▸ **AVAILABLE DATA**

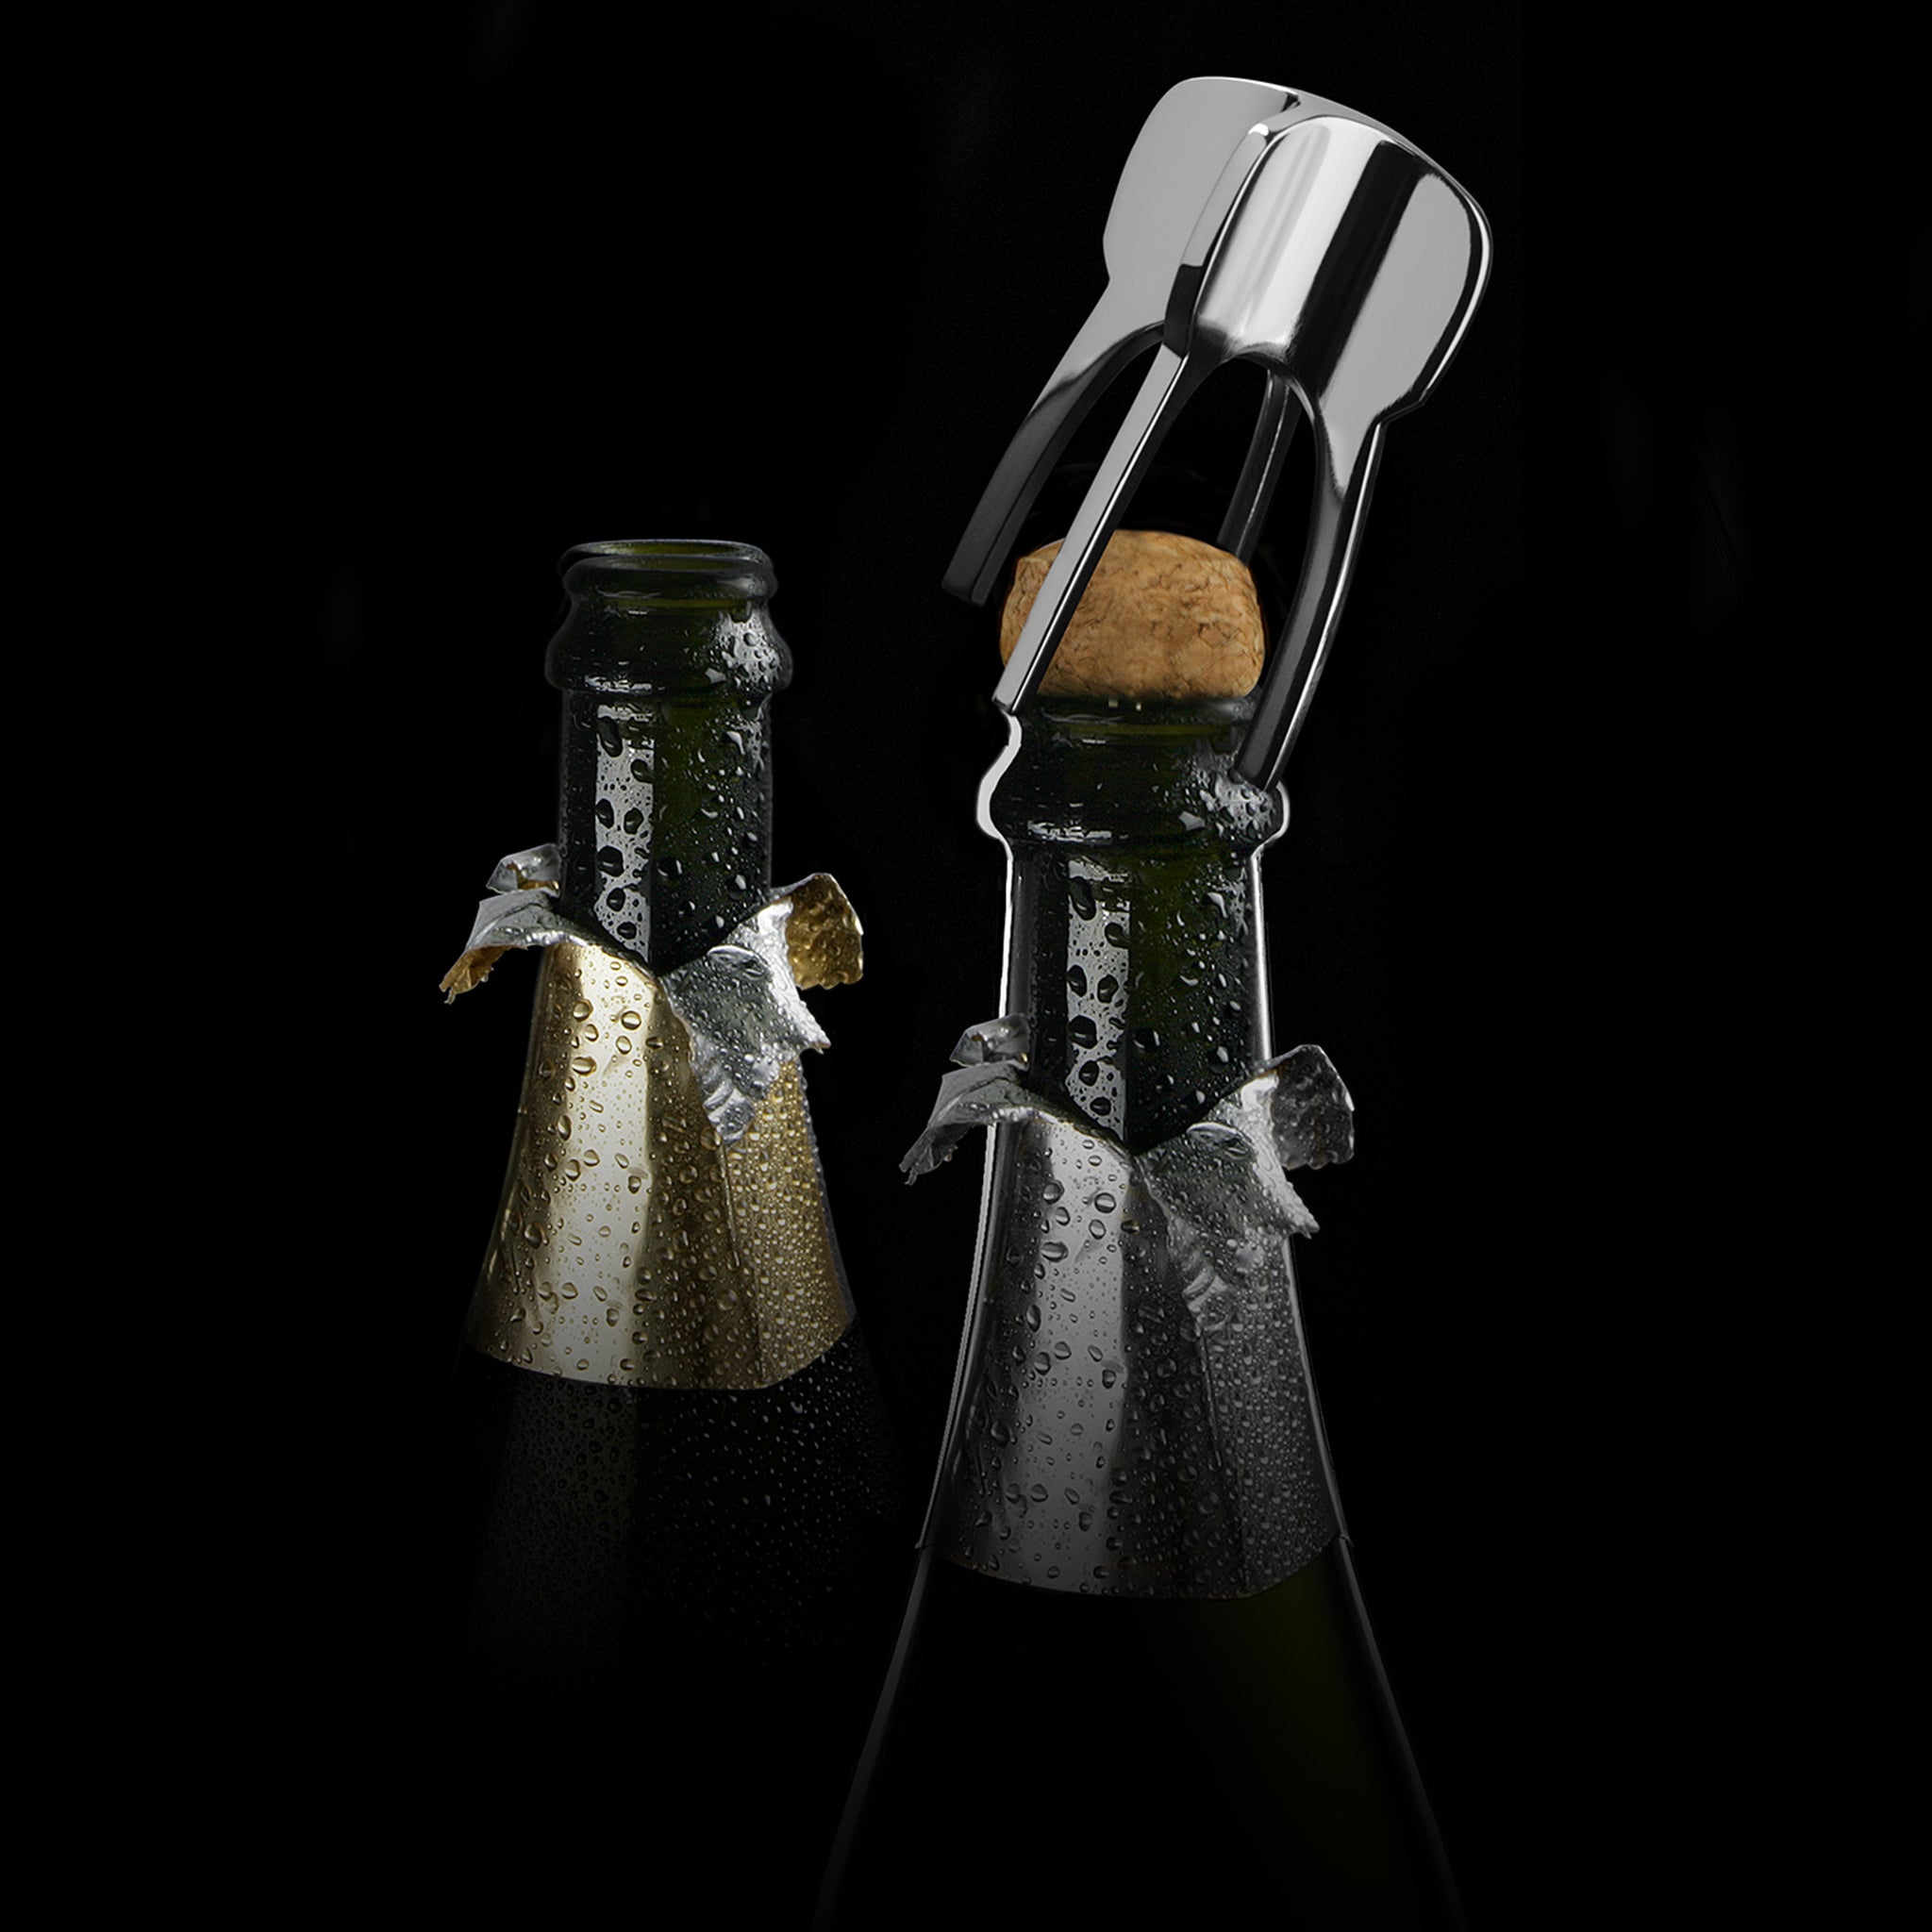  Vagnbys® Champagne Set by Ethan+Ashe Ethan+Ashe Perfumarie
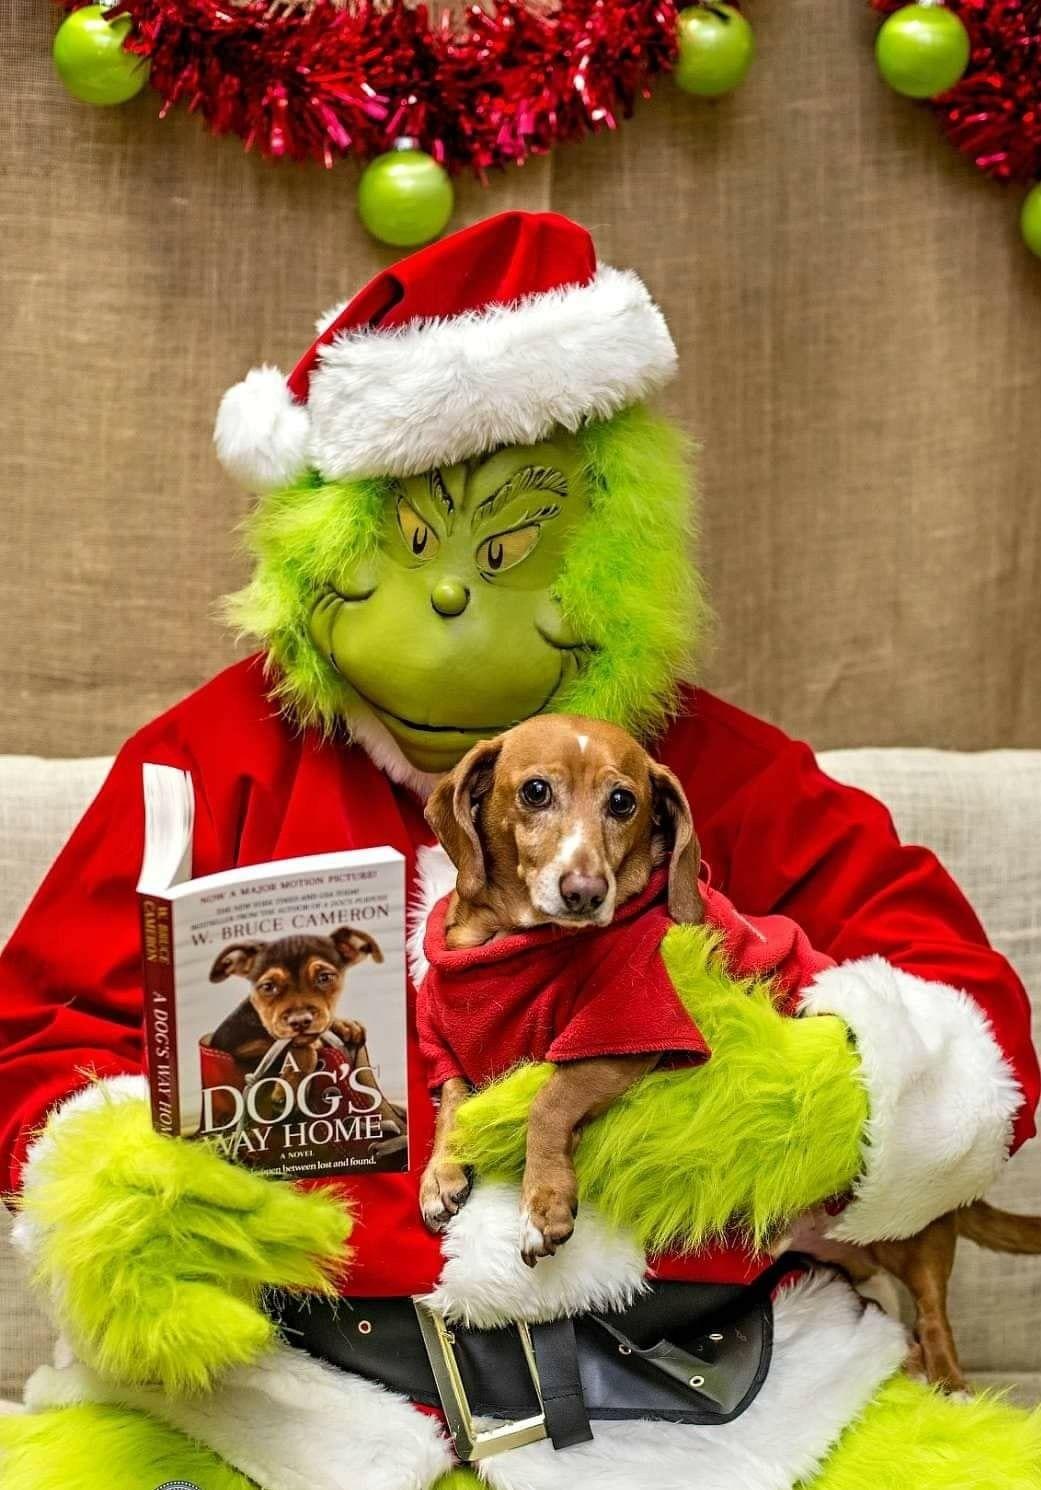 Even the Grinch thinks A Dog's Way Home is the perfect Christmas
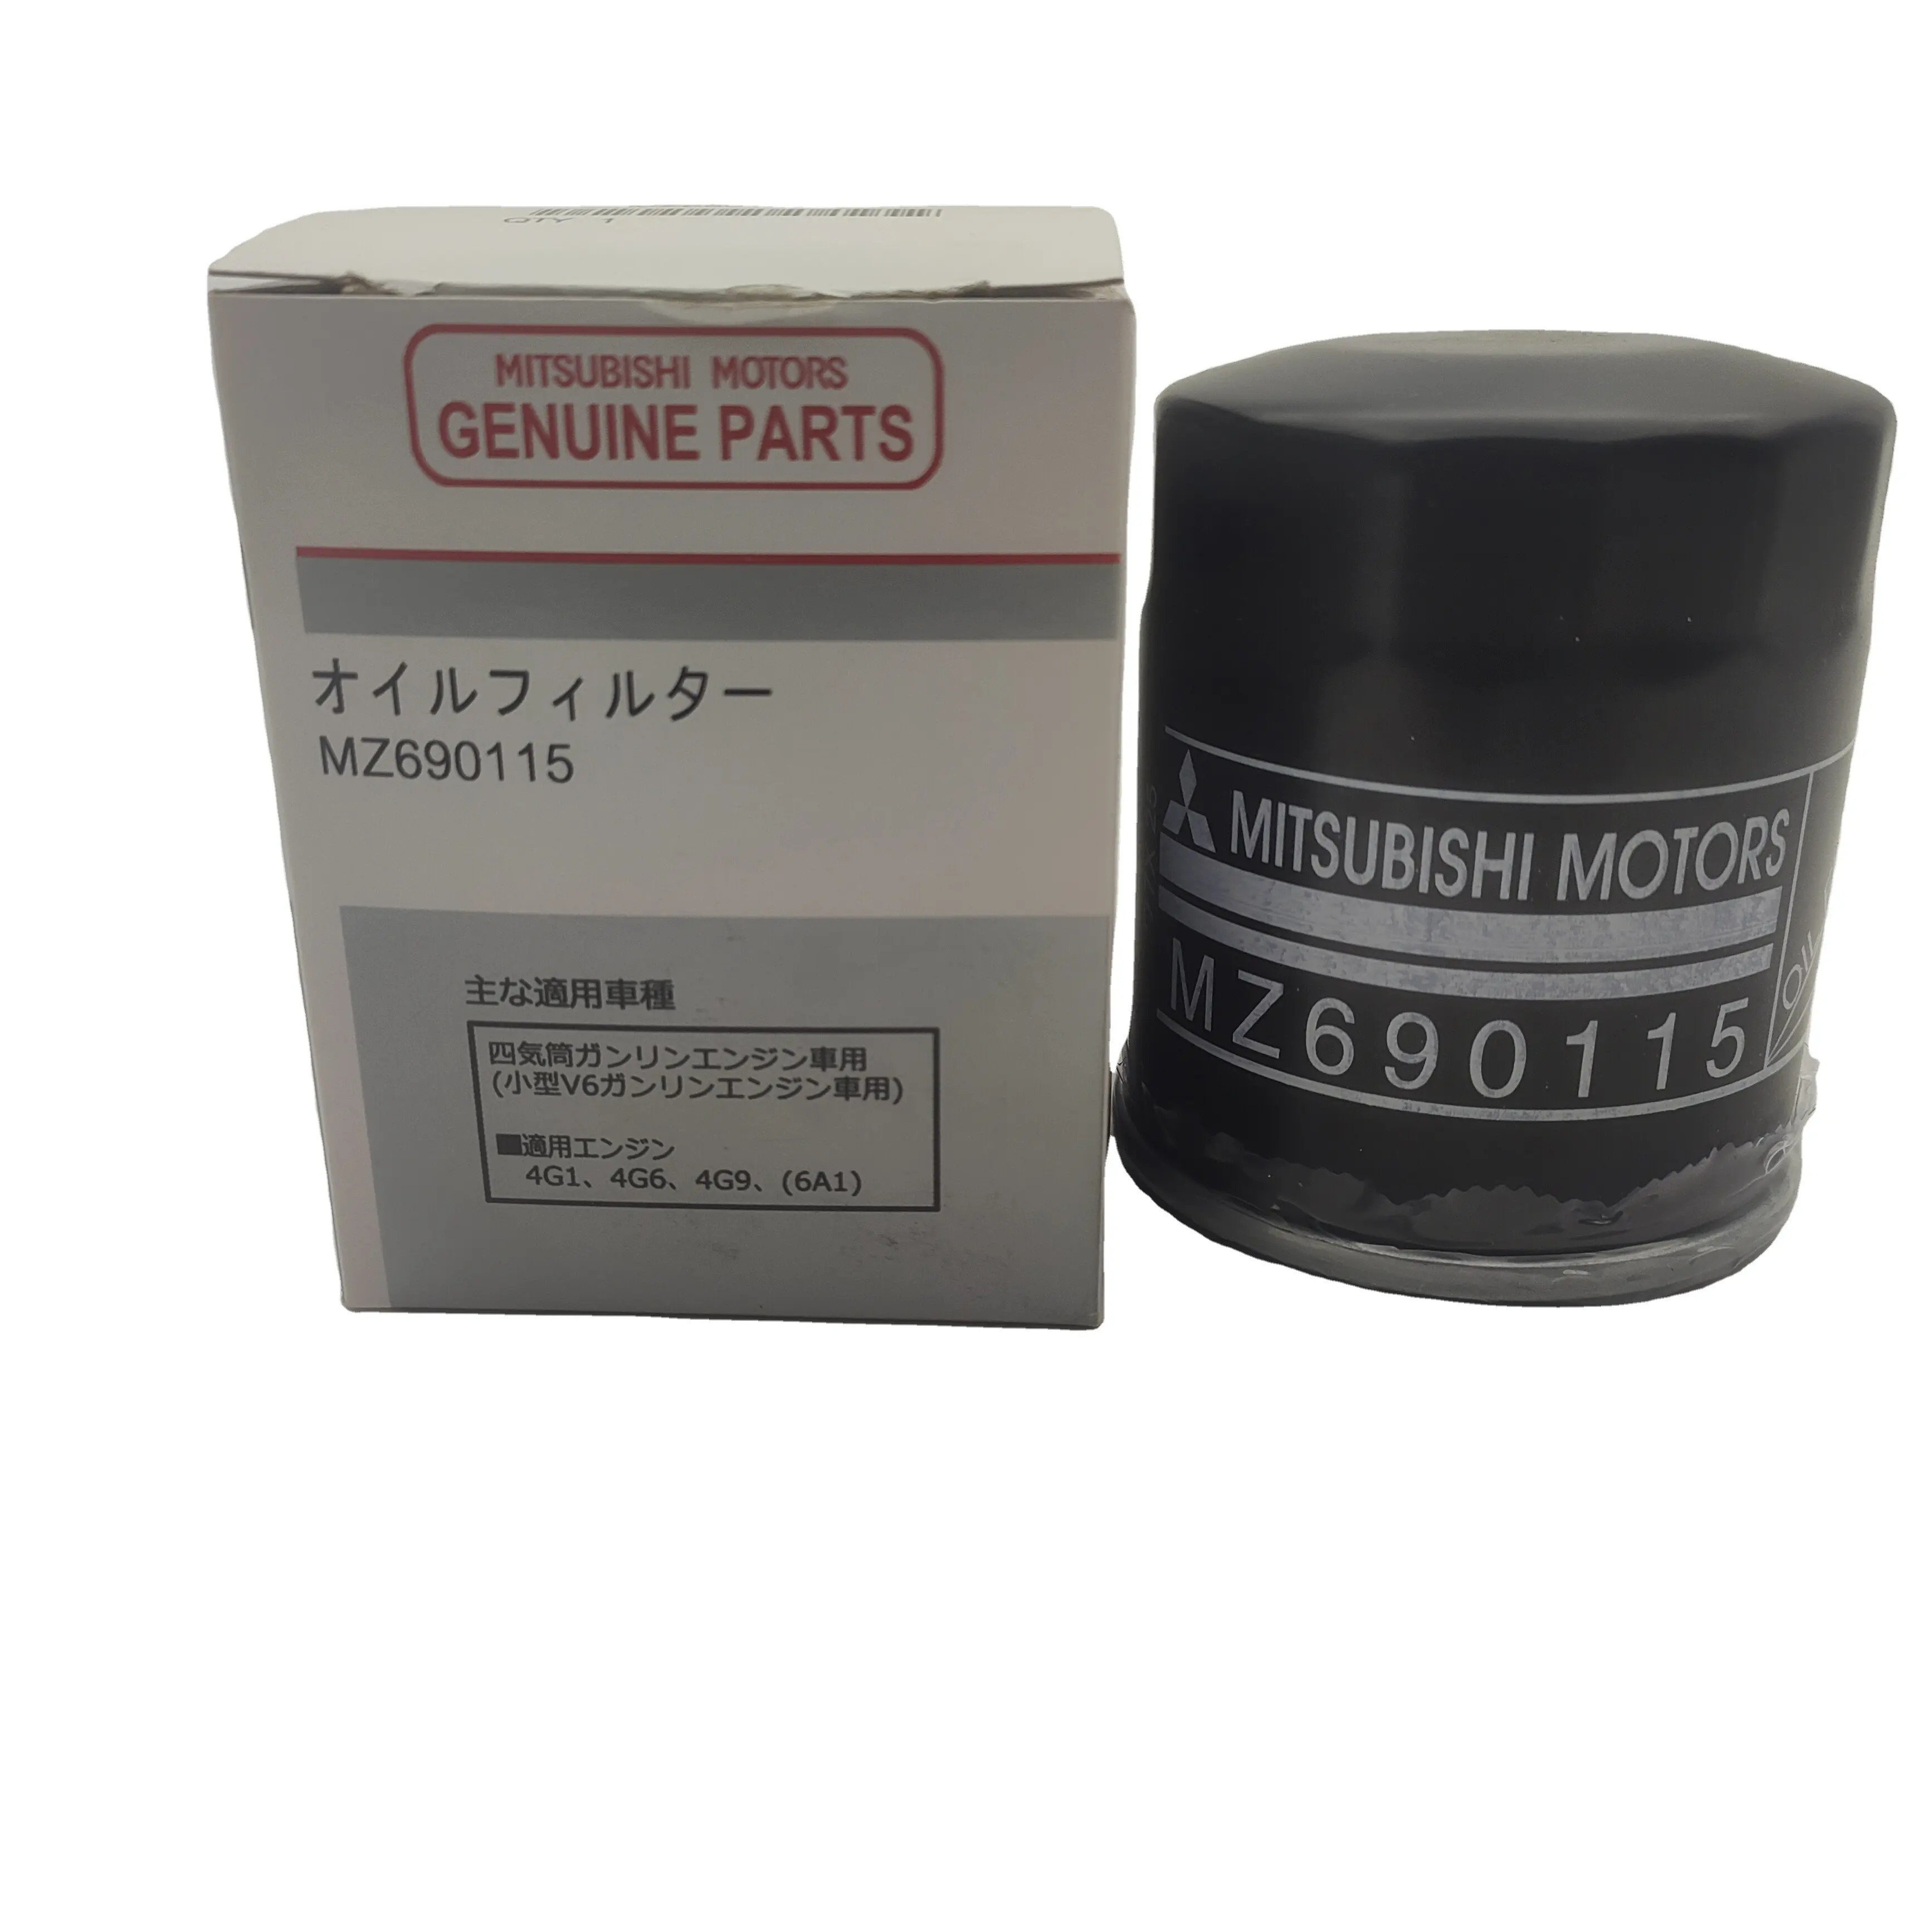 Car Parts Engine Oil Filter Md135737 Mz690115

▸ **WHAT TO DO**
Your reply should hold only the lines running from the one with "Even the Grinch" to the end of the data above, set down exactly, pictures omitted.

▸ **FINAL ANSWER**
 Even the Grinch thinks A Dog's Way Home is the perfect Christmas
 Car Parts Engine Oil Filter Md135737 Mz690115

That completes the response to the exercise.